The Chalet School in Exile

One of the things I most love about reading is its ability to surprise. Elinor M. Brent-Dyer's The Chalet School in exile is a great example of this. The Chalet school stories were a long series of boarding school novels for girls published between the mid-1920's and early 1970's. Set in an international girls' boarding school initially in the Austrian Tyrol, then Britain, and then the Swiss Alps, the stories follow the adventures of the girls at the school, and of the school's founder, Madge Bettany, and her extended family. They're generally pretty formulaic - you can virtually guarantee that in each volume there will be an accident, an on-the-edge of the seat will-she-or-won't-she-live? illness, and, as you would expect, all the normal sort of fun and games associated with school stories. The series was immensely popular, probably not least because of its exotic (for the time) settings, and the mix of nationalities involved in the stories.

I first started to read the books when I was in my teens, as my best-friend at the time, was absolutely dotty about them. They do have a certain charm that gets you reading even when they are rather unbelievable. However Chalet School in exile, which many fans, including myself, consider to be the best of the series, really is something quite special. There is a power to it that is quite astonishing - I hadn't realised until looking at the Amazon write-up (click on the title of this post to go through to it) that the novel had fallen foul of the censor at the time - having said which it doesn't surprise me at all.

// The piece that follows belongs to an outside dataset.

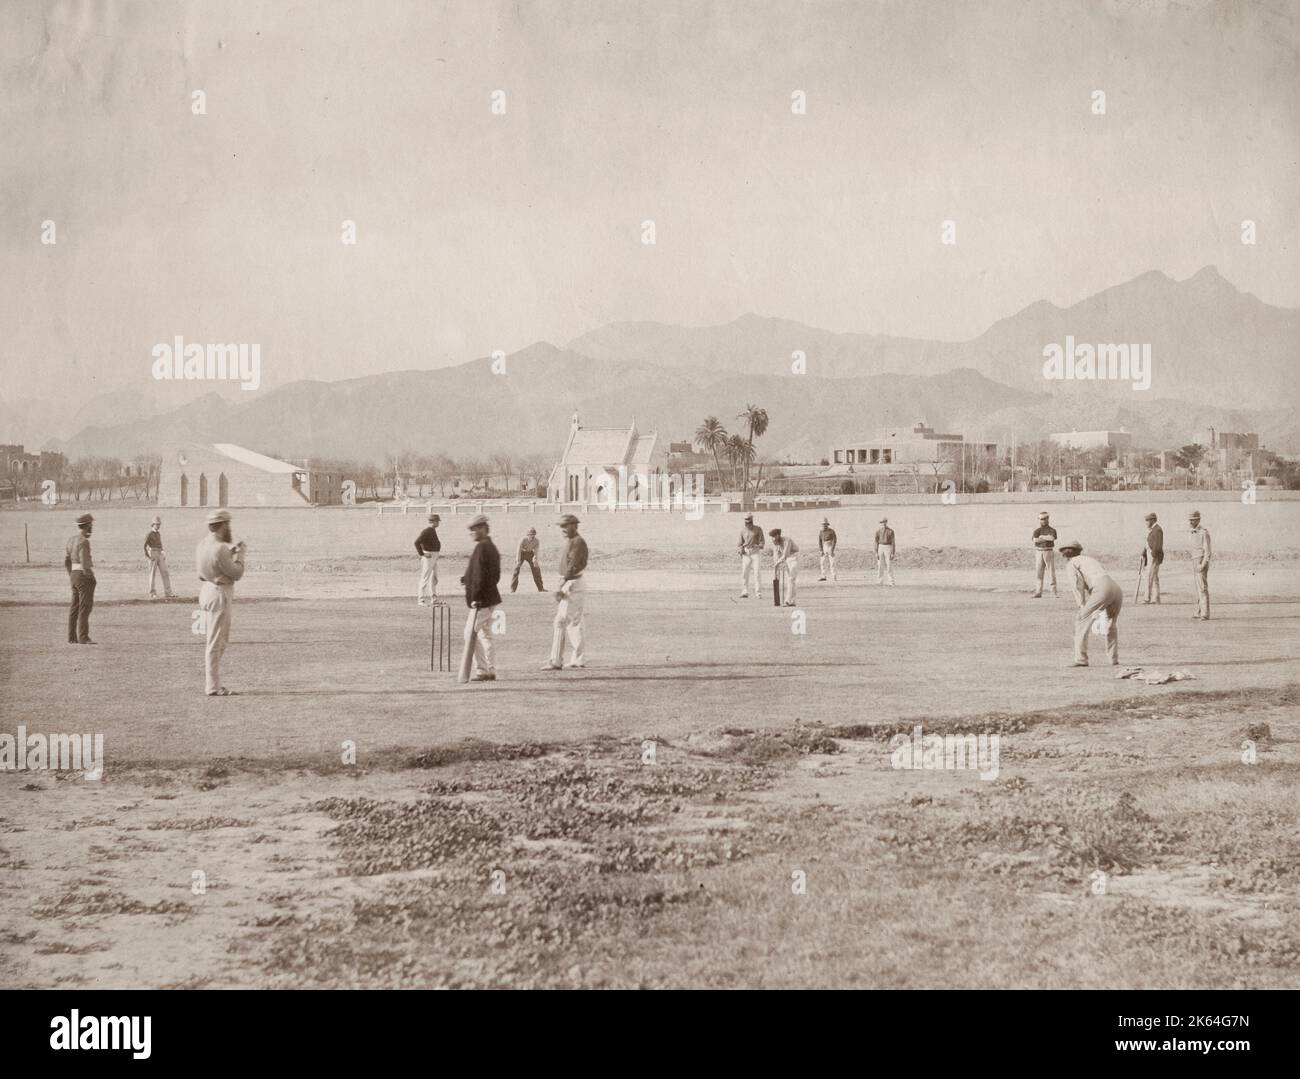 Fotografía del siglo XIX: Imagen importante en términos de la historia del cricket en la India - tomada c.1862-65 esta es una de las primeras imágenes del juego que se juega en el país. Los jugadores son oficiales del ejército británico. Cricket en India, Kohat, 1860. Foto de stock

A little background is essential. Brent-Dyer travelled to the Tyrol in the 1920's, visiting the pretty little village of Pertisau on Lake Achensee. It was here that she would set the Chalet School stories, changing some but not all of the names in the locality, so making it easily identifiable even today. It is believed that she visited Austria several times in the 1920's and '30's. Published in 1940, Exile starts with a certain level of tension. Set in 1938, just before the Anschluss, the senior management of the school are concerned as to what will happen should Germany annex Austria. Following the Anschluss there are some minor run-ins with local Nazis, these happenings however take a dramatic turn when some of the girls go on an innocent shopping trip to their local town. While there an elderly Jewish jeweller is tormented by a local mob, and is initially saved by the childrens' actions. As the crowd's mood grows ugly the children are forced to flee - we are later told that both the jeweller and his wife were killed or badly injured by the mob, as was the local priest, whose actions protected the schoolgirls from the crowd. There is then a tense and well-written passage following the childrens' flight from Austria, before the story re-opens in Guernsey.

What I find completely stunning about this story is the element about the Jewish jeweller. Brent-Dyer would certainly have had some knowledge of what was happening in Europe to the Jewish community, but the power of the writing suggests that she may have had some more intimate knowledge - possibly witnessing attacks on Jews herself while travelling in Austria. There's also an interesting little snippet later in the volume, when the party of schoolgirls are fleeing Austria; in order to put a party of Nazis off-the-track, one of the girls begs for alms, Romany-style, and gets whipped for her pains. Again, this suggests that Brent-Dyer was not only aware of Nazi-attitudes towards Jews but also towards gipsies. It has one of the most chilling descriptions of a mob gone mad I've ever read, a lot of this power comes from the fact that it's in a childrens' book - and an innocent school story at that, and you just don't expect to read that sort of thing there - there'd be nothing quite like it until Ian Serraillier's The Silver Sword written many years later, and this time written post-war with a full knowledge of what the Nazis had done.

Chalet school in exile is also a book that celebrates redemption, and the ability of a few people wanting to do good making a difference. There is evil in this book, undoubtedly, but Brent-Dyer never paints in terms of black and white, so there's a lot for children to take in and to think about in this novel. For its readers at the time this must have been quite a shocking read - it continues to shock. Above all it does what great books should do - it makes you think.